Isolation and Propagation of Circulating Tumor Cells from a Mouse Cancer Model

Podsumowanie

Circulating tumor cells (CTCs) have been shown to play an important role in tumor metastasis. Here, a method for the isolation and propagation of CTCs from the whole blood of a syngeneic mouse tumor model of hepatocellular carcinoma (HCC) metastasis is described.

Streszczenie

Cancer metastasis is the foremost cause of cancer-associated deaths. Recent studies have shown that circulating tumor cells (CTCs) are important in cancer metastasis. Indeed, the number of CTCs correlates with tumor size. Here, a detailed description is provided of a methodology for isolation and propagation of CTCs from a syngeneic mouse model of hepatocellular carcinoma (HCC) which allows for downstream analysis of potentially important molecular mechanisms of solid organ tumor metastasis.
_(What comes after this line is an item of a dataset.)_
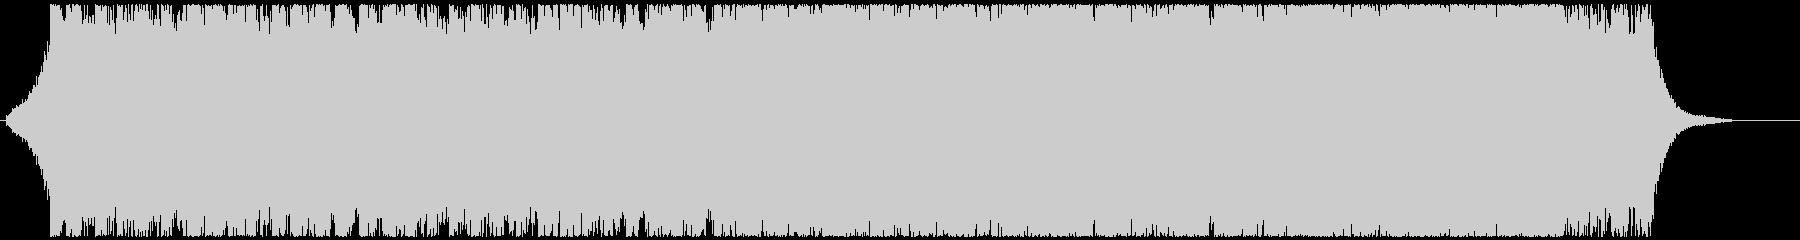 大軍勢VS大軍勢のファンタジーバトルの未再生の波形

This method is efficient and reproducible. It is a non-invasive technique and, therefore, has potential to replace the invasive biopsy of tissues from humans which may be associated with complications. Therefore, the method discussed here allows for the isolation and propagation of CTCs from whole blood samples such that they can be examined and characterized. This has potential for future adaptation for clinical applications such as diagnosis, and personalized targeted therapy.

Wprowadzenie

The cancer research community has known of the existence of circulating tumor cells (CTCs) since first being observed by Thomas Ashworth in 1869¹. Since then, CTCs have been shown to be important in tumor metastasis and disease progression^2-5. Today, solid tumors are a major cause of morbidity and mortality worldwide. CTCs are rare cells that originate from primary tumors and travel through the blood stream to different organs of which only a small fraction ultimately develop into metastasis^2-5. Notably, there is positive correlation between tumor size and CTC number^3,4.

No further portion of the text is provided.